» **What is expected**
Leave out the pictures and reproduce all of the data exactly.

» **Dataset section**
= Beginning of Section =

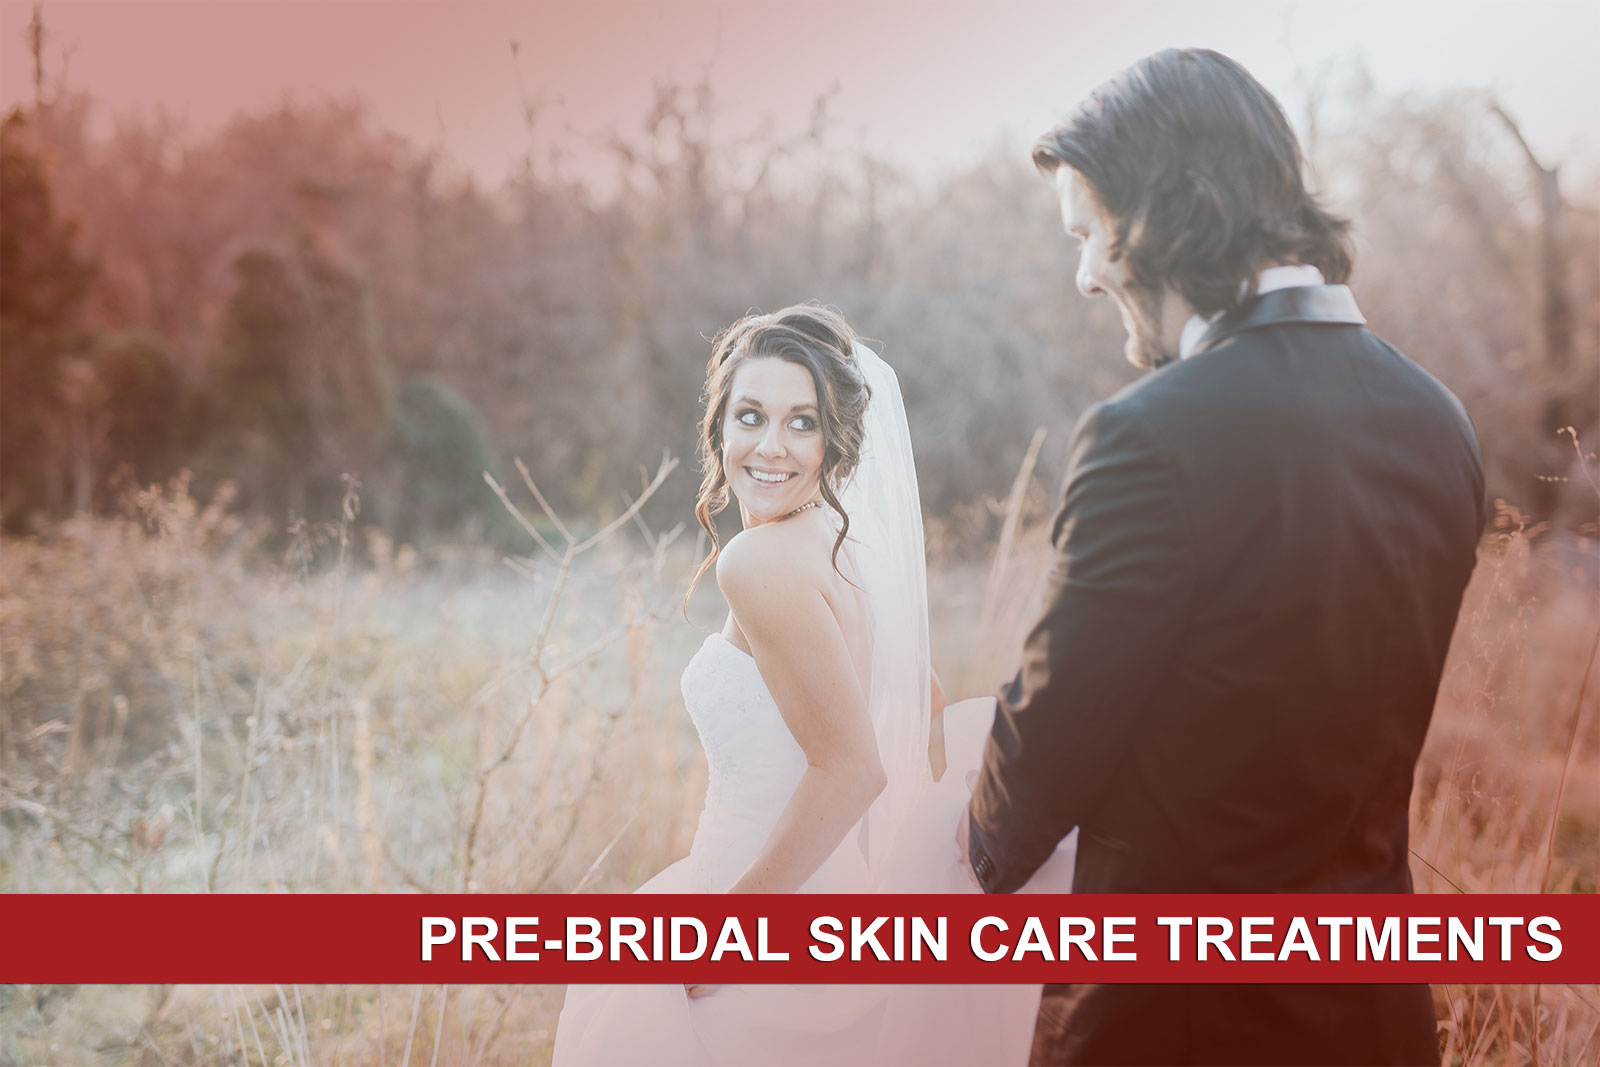 Pre-Bridal Treatments: Finding Your Fit
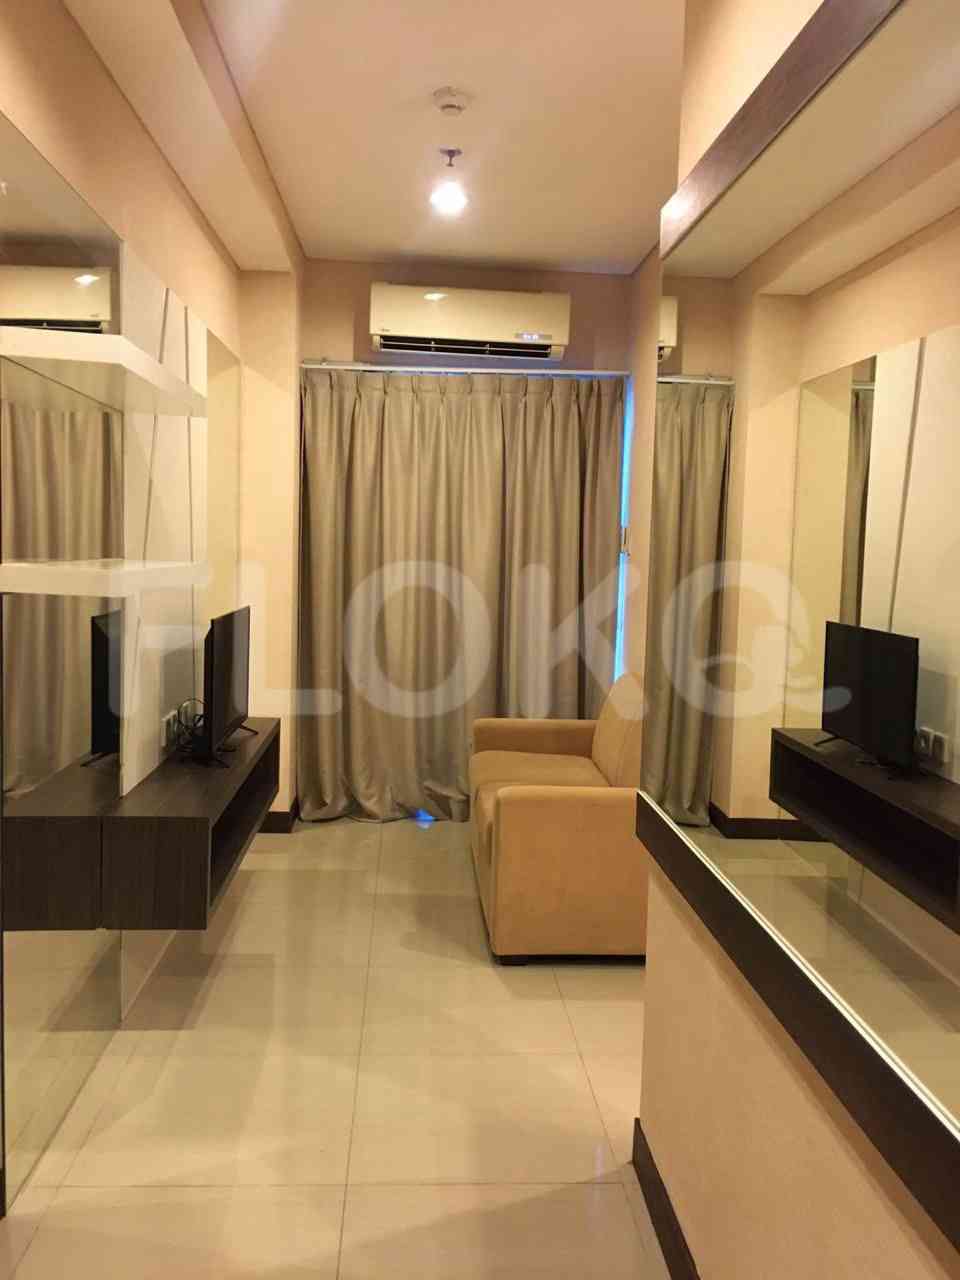 2 Bedroom on 19th Floor for Rent in GP Plaza Apartment - ftaef4 1
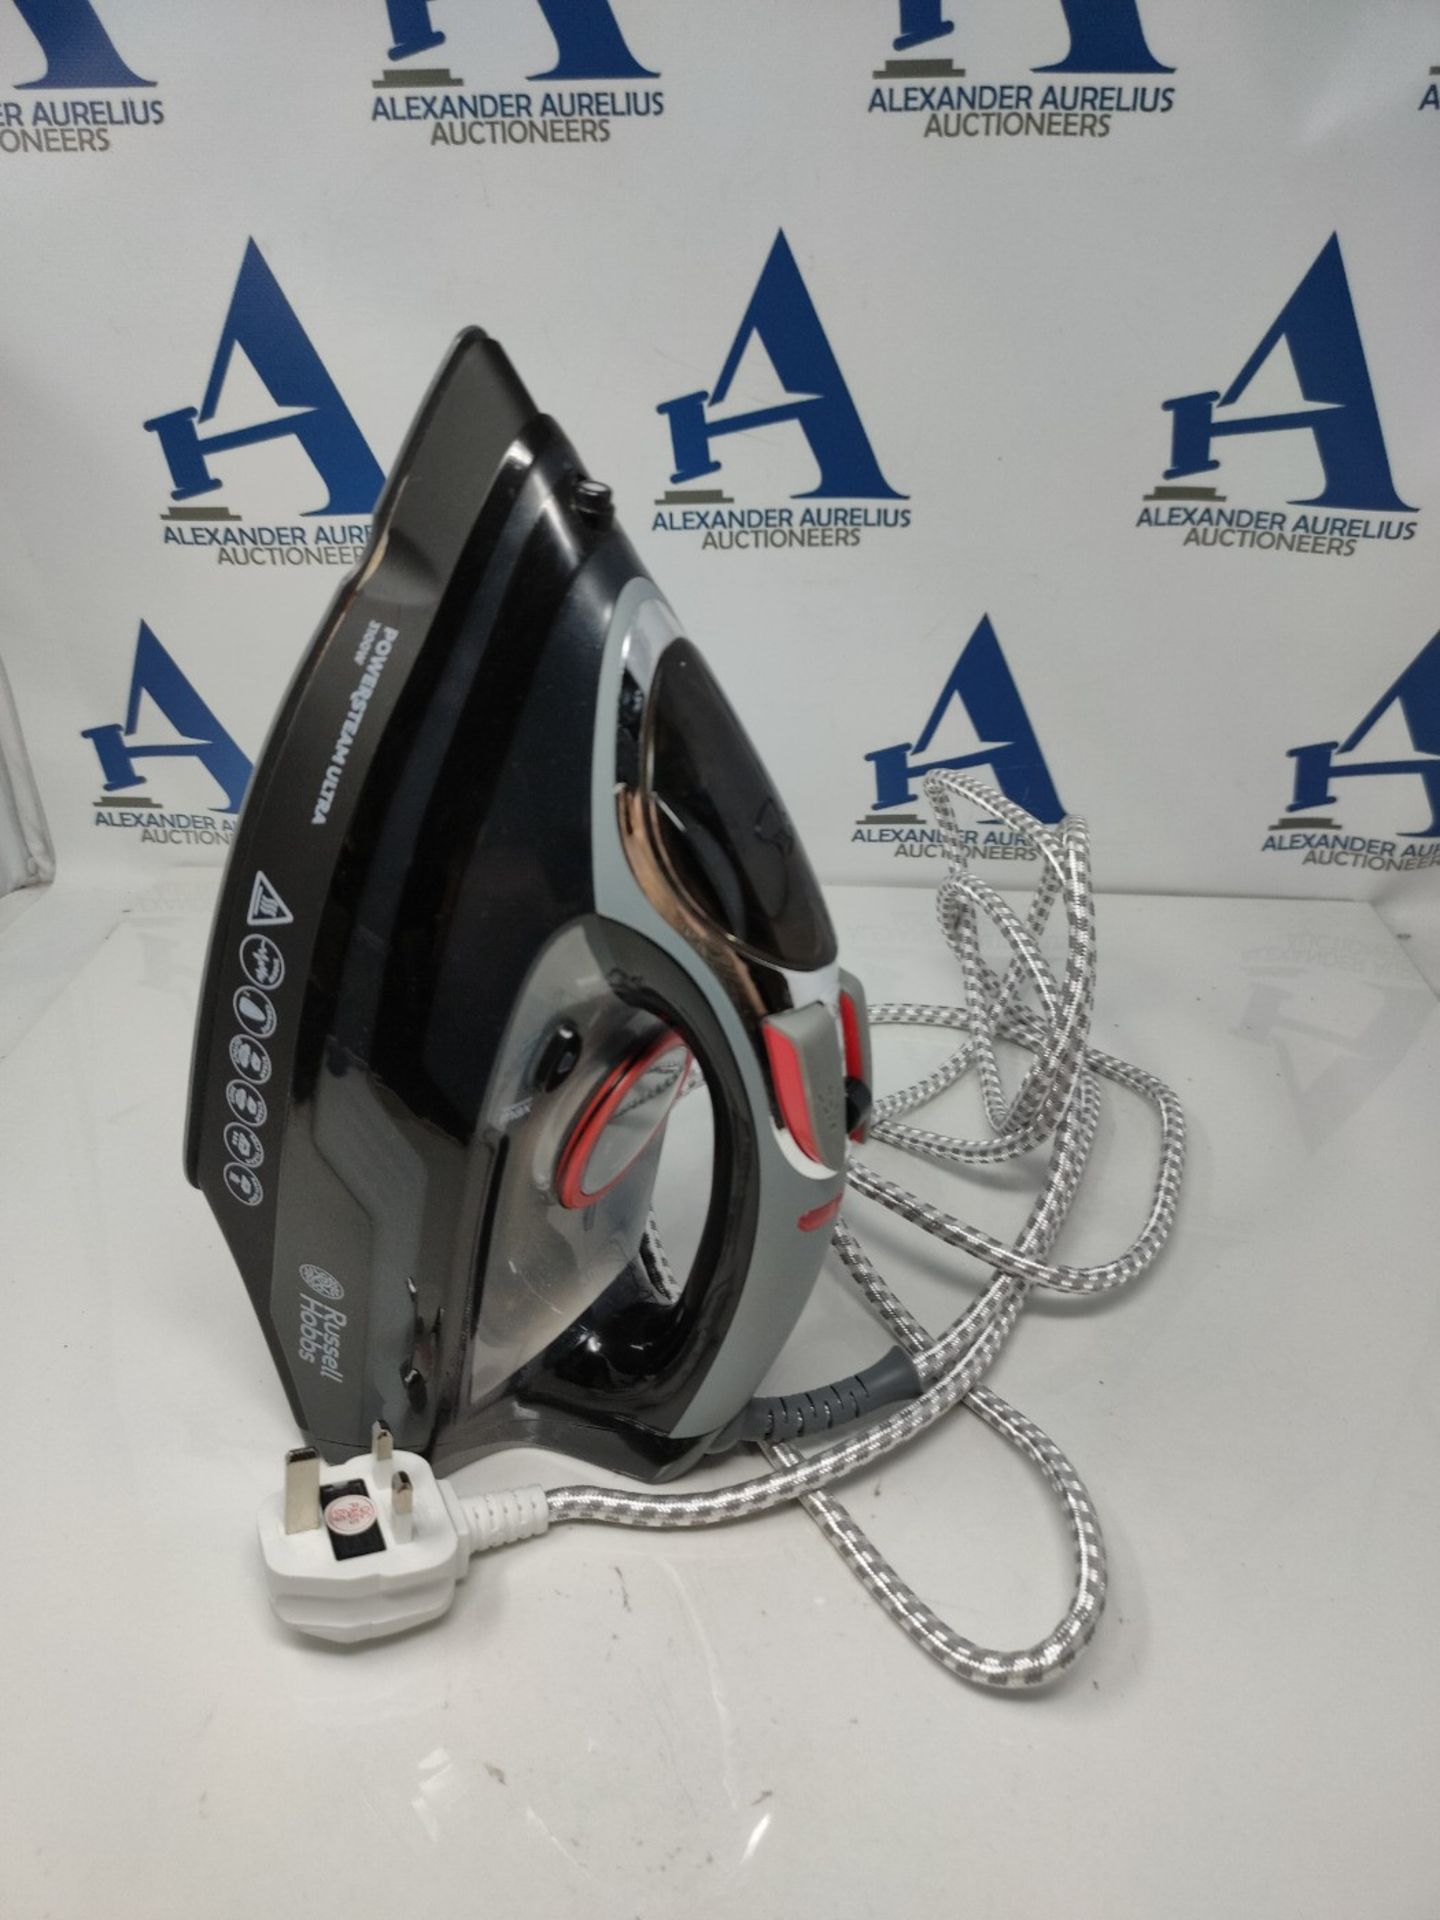 Russell Hobbs Powersteam Ultra 3100 W Vertical Steam Iron 20630 - Black and Grey - Image 3 of 3

= End of Section =

» **Result of this task**
 Pre-Bridal Treatments: Finding Your Fit
 2 Bedroom on 19th Floor for Rent in GP Plaza Apartment - ftaef4 1
 Russell Hobbs Powersteam Ultra 3100 W Vertical Steam Iron 20630 - Black and Grey - Image 3 of 3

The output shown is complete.